Introduction

The neurodevelopmental hypothesis of schizophrenia was introduced more than 30 years ago (Weinberger 1986) stating that schizophrenia is a consequence of failed neurodevelopmental processes leading to a dysfunctional neuronal network forming the basis for a psychosis proneness. This will in young adulthood lead to psychotic symptoms under adding up environmental stressors, e.g. ranging from place and season of birth, bullying to cannabis consumption and several others. The neurodegenerative hypothesis on the other hand suggests that schizophrenia is a consequence of a “destructive process of the brain leading to peculiar changes of the psyche” as outlined by E Kraepelin in his books (Kraepelin 1913). This “destructive process” was based on the first histopathological study by A. Alzheimer (1893) describing “loosening of neural elements in the neocortex” of patients. Subsequently, significant research efforts were made to prove the neurodevelopmental or the neurodegenerative perspective. Meanwhile, the neurodevelopmental hypothesis was widened by the “pandysmaturational hypothesis” (Fish 1987), which enlarges the aspects of disturbed neurodevelopment into adulthood and beyond. The neurodegenerative hypothesis on the other hand currently embarked on neuroimmunological mechanisms based on innovative new technical advances in research.
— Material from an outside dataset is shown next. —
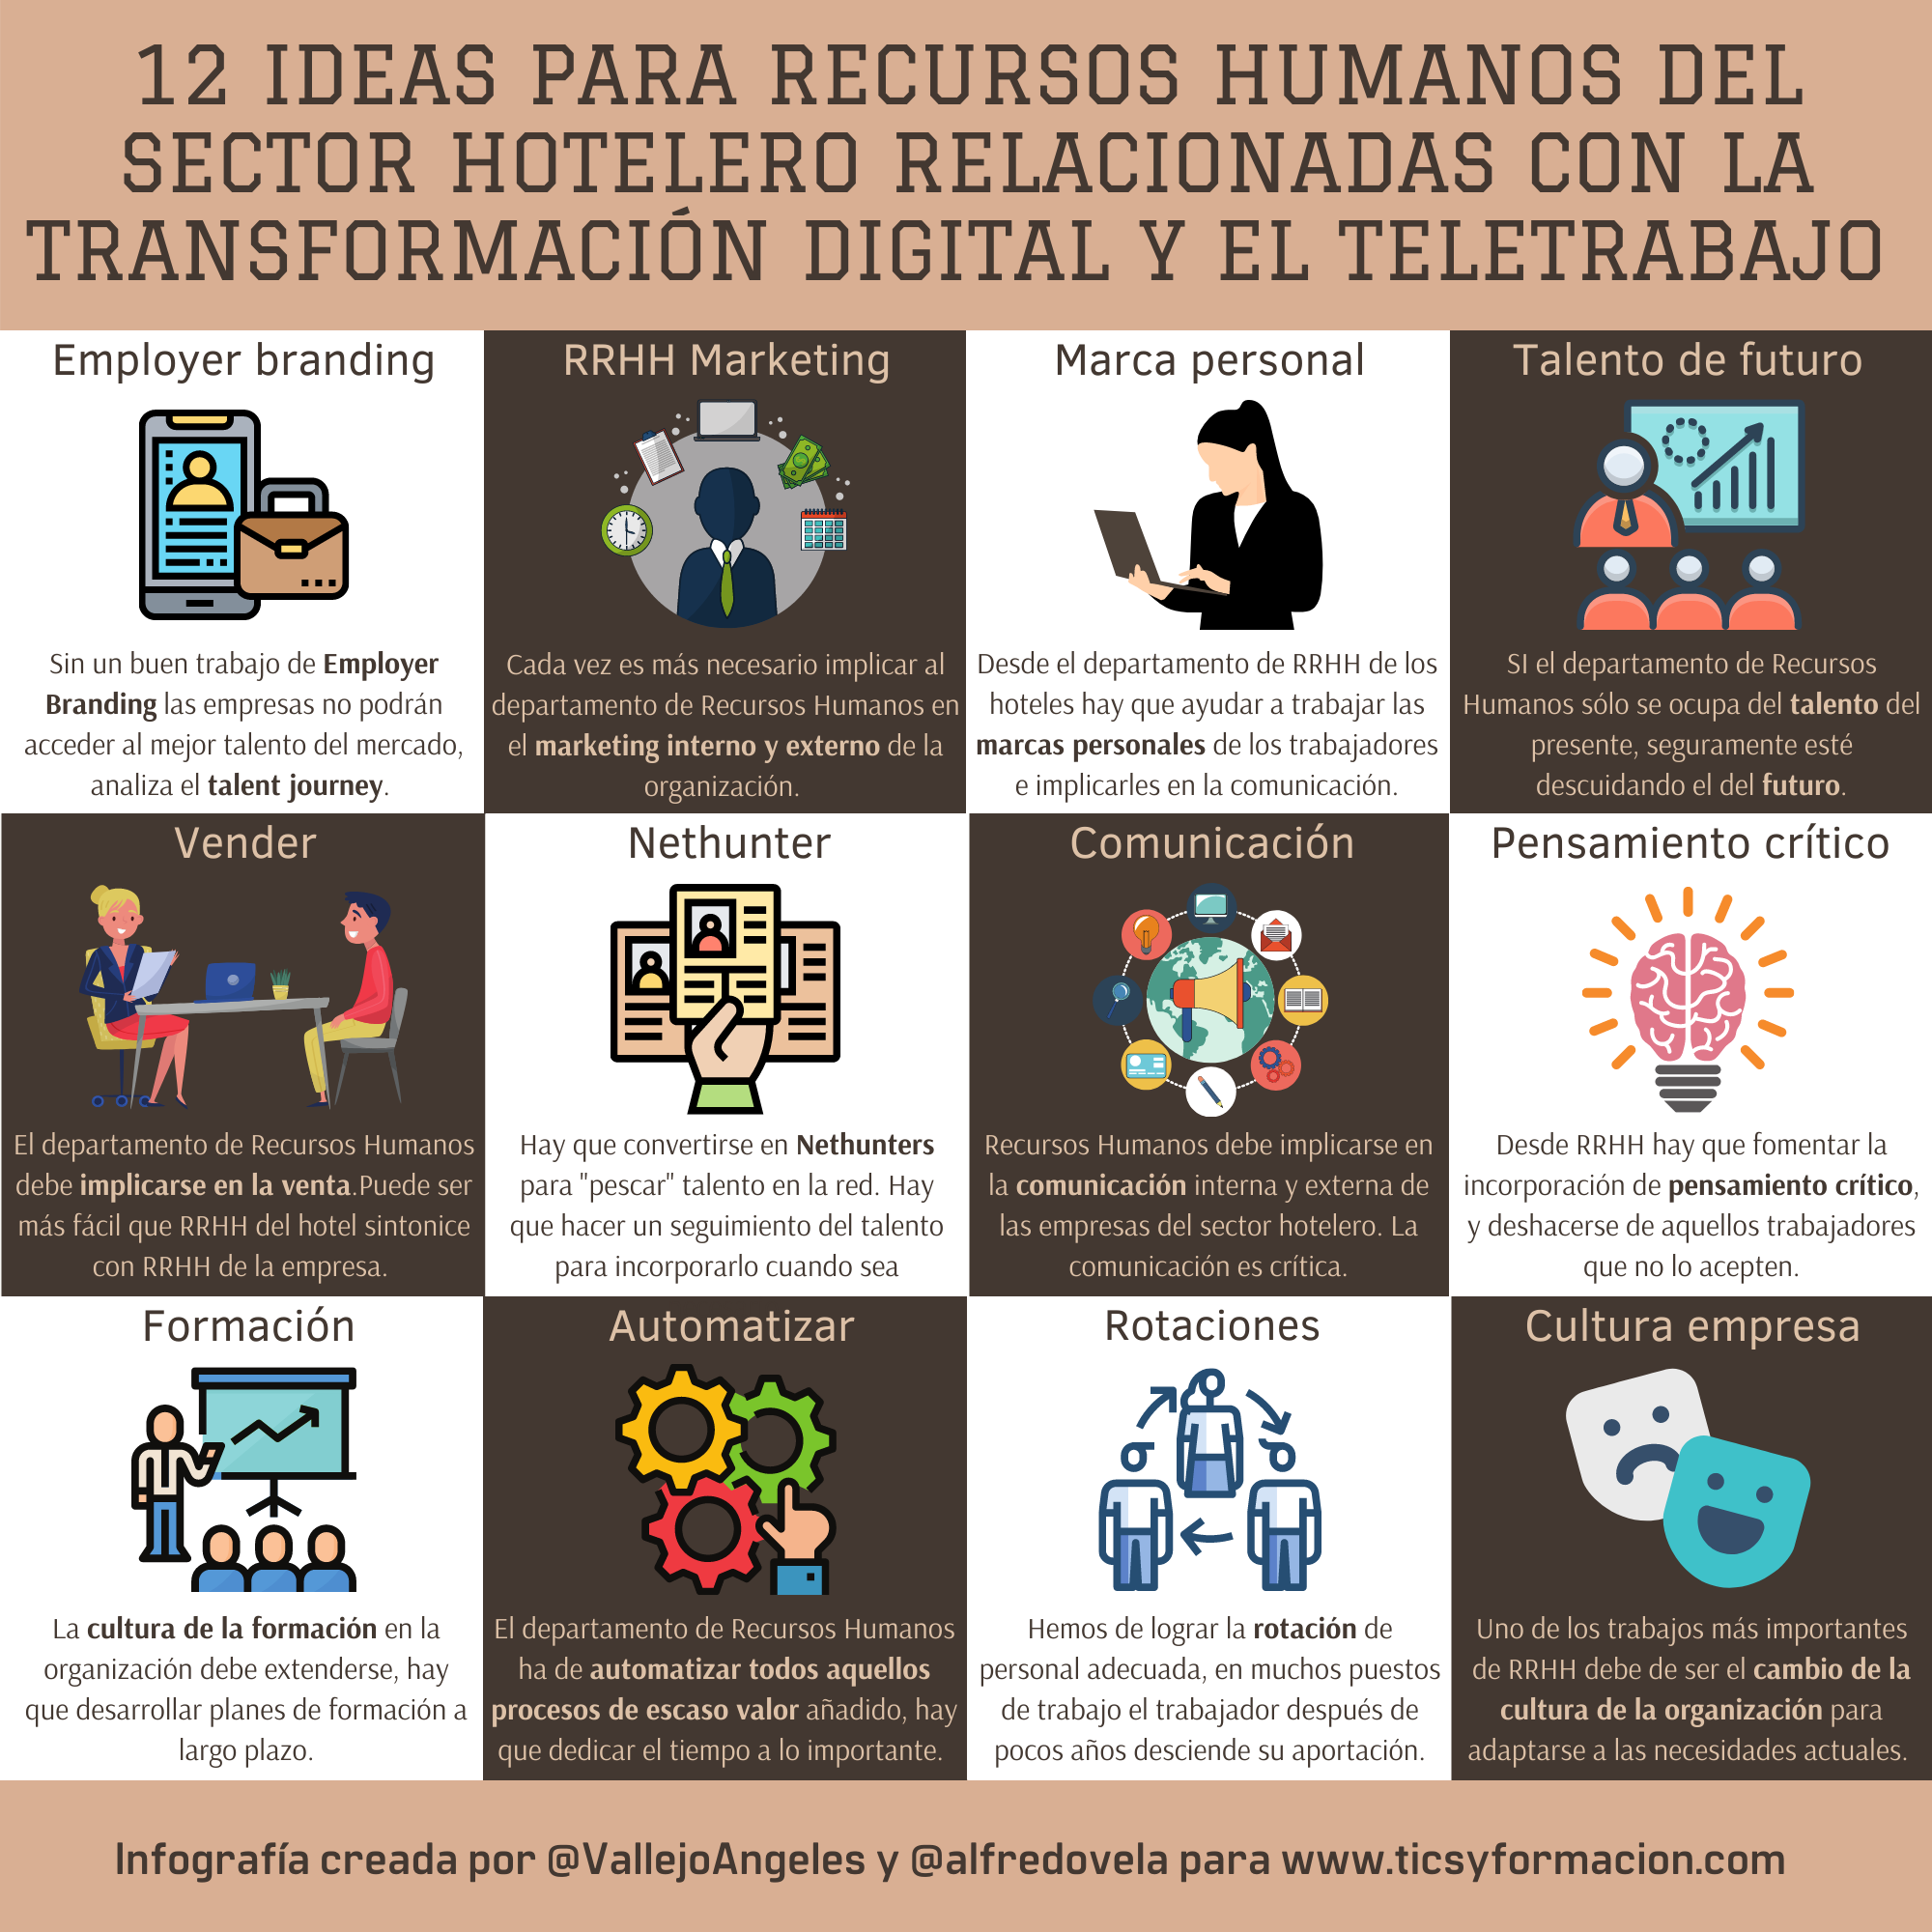 12 ideas para recursos humanos del sector hotelero relacionadas con la #transformacióndigital y el #teletrabajo #infografia #rrhh

Long-term course and functional outcome

There is a large number of studies evaluating the long-term course of schizophrenia, which are summarized in several meta-analyses (Lang et al. 2001; Hasan et al. 2013]. As summarized in Fig. 1 below, about 50% of the patients have no or very little residual symptoms following the first manifestation of the illness or the relapsing course (two upper rows). The other 50% of patients will, however, have residual symptoms (as depicted in yellow or green to red in the lower two rows), especially negative symptoms and cognitive dysfunction, leading to a significant disturbance of their daily functioning. Taken together, only 20% of patients are able to find a job on the primary labour market and only about 30% can keep up a stable long-term relationship (Häfner 2003).

Fig. 1
figure 1

Stratifying Schizophrenia based on its long-term course (Häfner 2003)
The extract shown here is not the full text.